Healthcare.gov is using the higher 2014 guidelines for its window-shopping tool.
In theory, tens of millions of people are getting wrong information nationwide. The new income guidelines are just 1.5 percent higher on average than the old, but the marketplace is designed so small income changes trigger corresponding subsidy differences.
And consumers whose incomes slightly exceed the high end of eligibility initially discover they are eligible for tax credits to lower their premiums. In theory, accepting a tax credit for which you're not eligible could make you liable for unpaid income tax when the IRS processes the return, said Jocelyn Guyer, a director at Manatt Health Solutions who helped states that set up their own marketplaces.
In practice, however, as people click through the website to view their insurance options, a different calculator gives more specifics -- and correctly says financial assistance is not available.
Though 400 percent of poverty is the ceiling for subsidies, 100 percent is the floor. A couple who enter an income of $15,600 -- 101 percent of poverty in 2013 -- into the window-shopping calculator get this response, in big, bold letters: "Not eligible for help paying for coverage."
If they ignored the message and clicked through to view the plans, another tool would correctly indicate they may qualify for a tax credit of $760 a month to lower their premiums, or more than $9,000 a year. Additional cost-sharing savings in the form of discounted deductibles, co-pays, and coinsurance add up to $8,000 to $10,000 more, depending on the plan.

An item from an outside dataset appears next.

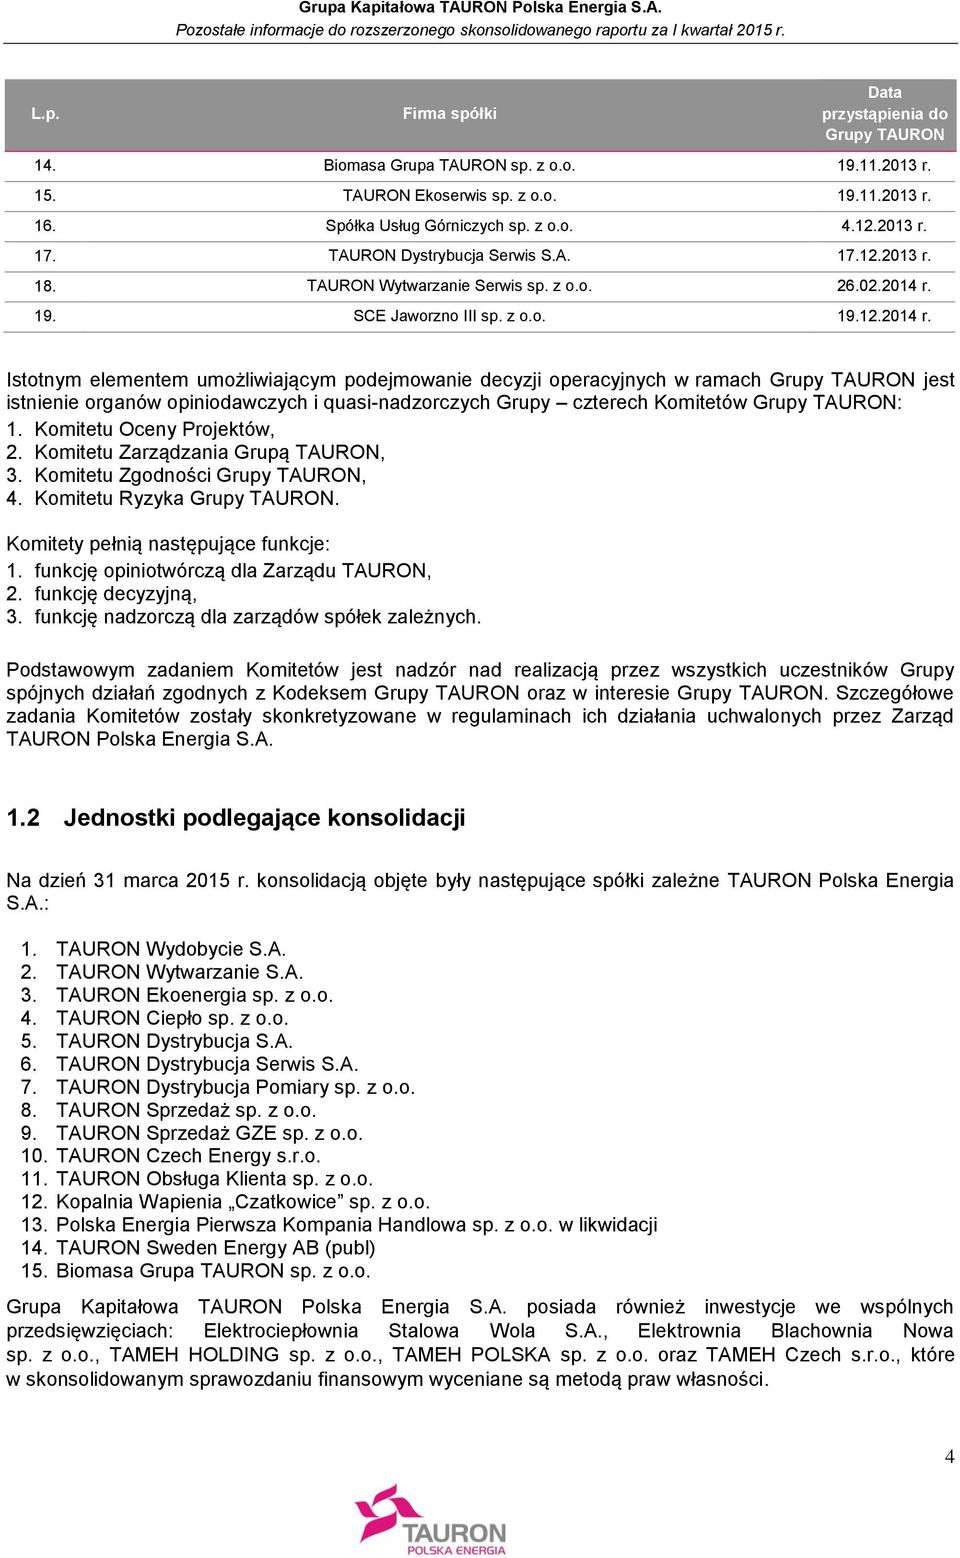 19. SCE Jaworzno III sp. z o.o. 19.12.2014 r.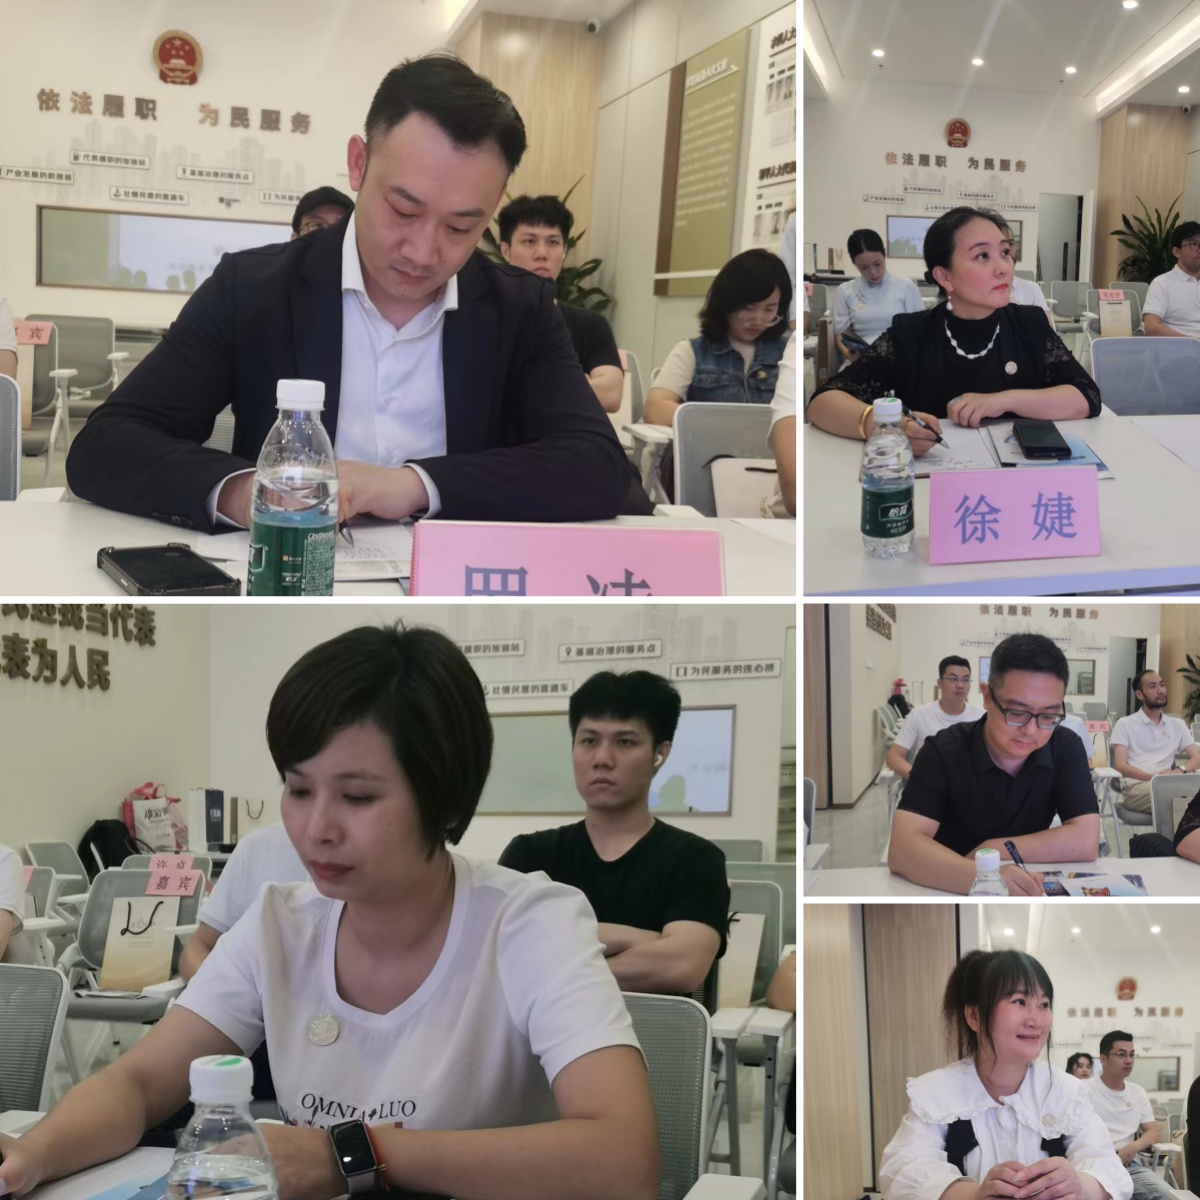 原创力量引领珠宝行业高质量发展 深圳市版权协会珠宝专业委员会正式成立

"I hadn't seen that before," Brian Haile, senior vice president for health policy at Jackson Hewitt, said of the errors.
Haile did some back-of-the-envelope calculations using data from the Census Bureau'sCurrent Population Survey to estimate how many people might be seriously affected. He concluded about 70,000 uninsured with household incomes in the sliver that separates the 2013 and 2014 poverty levels live in states that have not expanded Medicaid, and so might have gotten the incorrect response. That includes 5,000 Pennsylvanians.
In Pennsylvania and other non-expansion states, marketplace subsidies begin at 100 percent of poverty.
But in states like New Jersey that accepted the law's expansion of Medicaid up to 138 percent of poverty, marketplace subsidies for most people begin where Medicaid ends.
At other sites
And because Medicaid determinations are based on 2014 poverty levels -- the same year the marketplace uses in error -- people at the low end of poverty in those states would not have encountered the problem. The website responds correctly with their Medicaid eligibility.
Some states chose to run their own marketplaces. It was unknown Thursday night whether any had made the same error; a spot check of Covered California found that state-run marketplace was correct. All those states have opted to expand Medicaid, so the impact would be minimal anyway.
Healthcare.gov is not the only website to make this mistake. The calculator at Independence Blue Cross' site also used the wrong guidelines until a reporter asked about them this week. A spokeswoman said its vendor had mistakenly included marketplace responses when it updated the tool with 2014 poverty guidelines for Medicaid.
And HealthSherpa.com, a popular site that offers detailed information akin to the government site, discovered it was using the wrong year last week, a cofounder said.
The Kaiser Family Foundation's calculator has been correct all along.
But every applicant for financial assistance must go through the federal website to get a subsidy; the main exception is if people call the 800 number, and operators there work with Healthcare.gov.
"I have to say, I probably would have made the same mistake if I were in charge," said Laszewski, the former industry executive. "But they're not supposed to make that mistake."